Last week we held our first online Challenge Holder Q&A event, introducing our Round 3 Challenge Holders and giving potential Challenge Respondents an opportunity to ask questions about their projects.

You can view introductory slides from the event and watch videos from all our round 3 Challenge Holders on our Vimeo channel.

The workshop included a number of focused break out groups to allow for more in-depth discussion and questions to be raised about each individual Challenge Project. Below you can find the key questions from those break out groups that might be useful to anyone thinking about submitting a Challenge Respondent application.

Thanks to our Challenge Holders and everyone who came along to listen, find out more and ask questions. If you have questions about any of our Round 3 Challenge Projects that are not addressed below, please contact the Creative Informatics team at creativeinformatics@ed.ac.uk.

Questions and Clarifications on Individual Challenges

National Theatre of Scotland (NTS)

National Theare of Scotland – Fraserburgh

Q) What kind of data do NTS have available to work with?
A) NTS are currently undertaking some internal work to structure and collate their data on theatre productions, touring etc. so that it is ready to share with the successful Responder. The project is a consolidation of past data and an opportunity to set in place better data collection for future.

Q) What is the driving priority for this Challenge – something for NTS or something to benefit the wider theatre sector?
A) NTS are keen to share data for the benefit of the sector as a whole, but looking at this Challenge as an opportunity for NTS to lead by example.

The tool sought in this challenge needs to centralise information on theatre productions but should be designed to work without sharing sensitive information such as wages for example. It is hoped that the tool will ultimately enable insights that can help target funding and support that address real gaps for the sector, or key issues (e.g. addressing why audiences are so persistently small in some locations).

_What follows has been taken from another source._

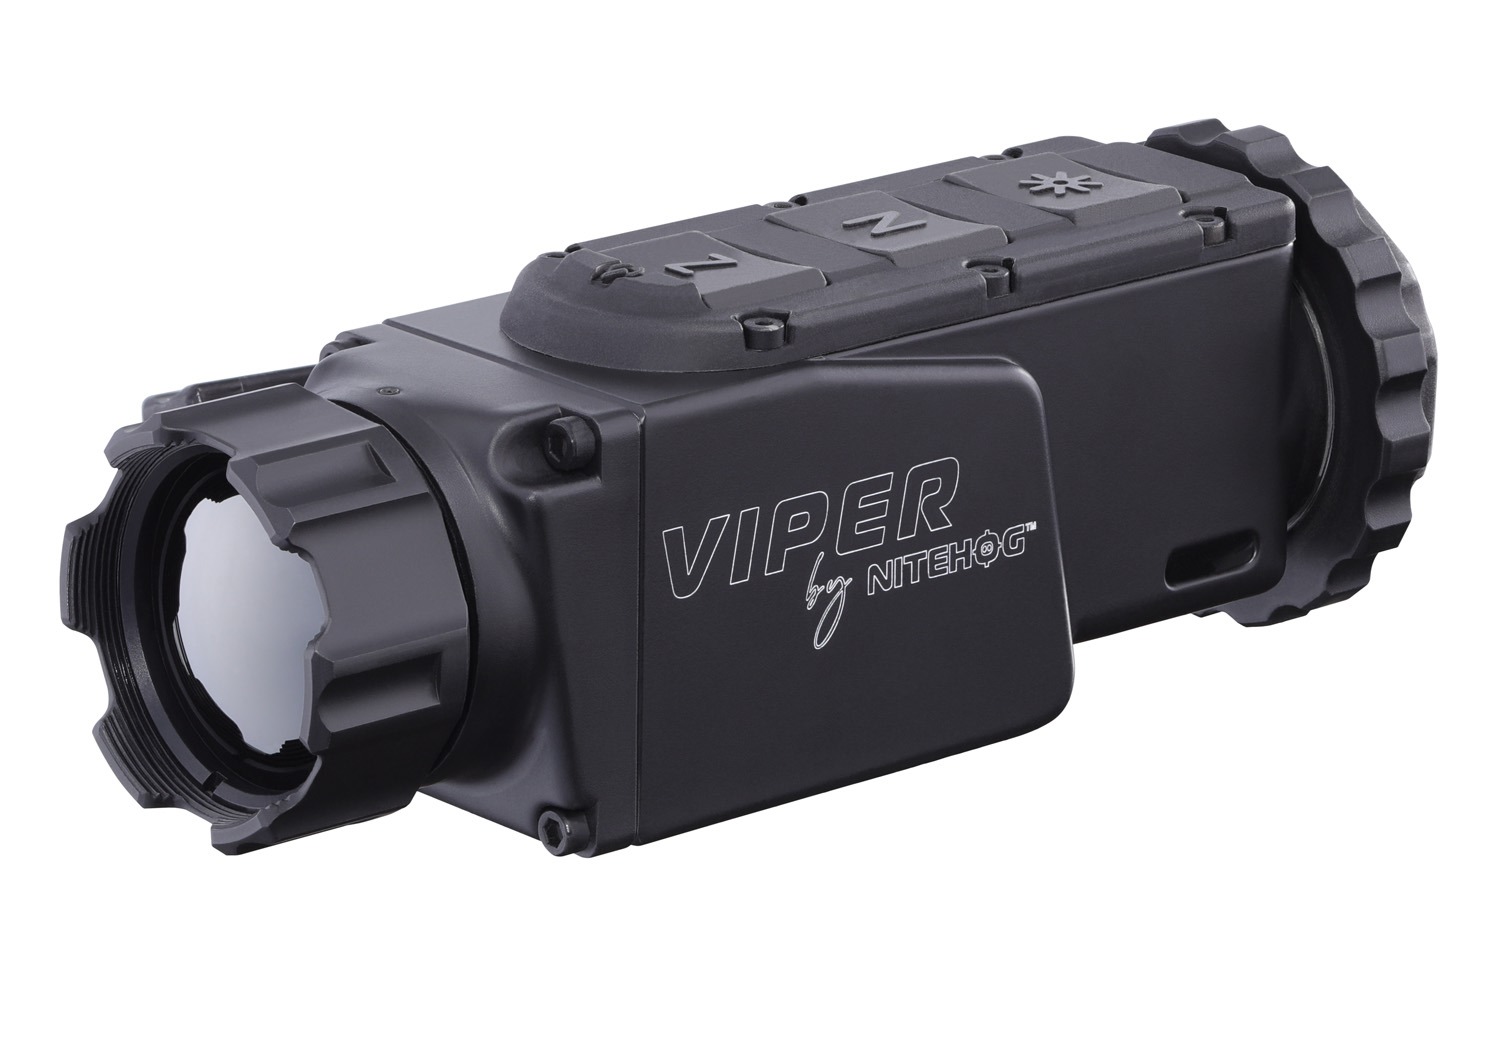 Nitehog Viper hőkamera előtét, 12 mikronos, csak 280g

The new resource/tool has got to work both internally for NTS (to assist with an increasingly flexible / part time workforce and working from home) as well as externally (by other theatre makers).

Q) Why don’t current tools address this issue?
A) Tools are currently available for data collection, storage and sharing but are geared towards venues based theatres rather than touring companies and/or those without a standard venue/location – which includes NTS. This tool also needs to address theatre companies who undertake performances in non-traditional spaces and non-theatre venues (e.g. beaches).

Sink Achmed Film – credit Chris Scott


The Pianodrome breakout session focused mostly on the opportunity for working with specific technologies. We would recommend watching the video introducing the Pianodrome Challenge, where these technologies are initially introduced and discussed.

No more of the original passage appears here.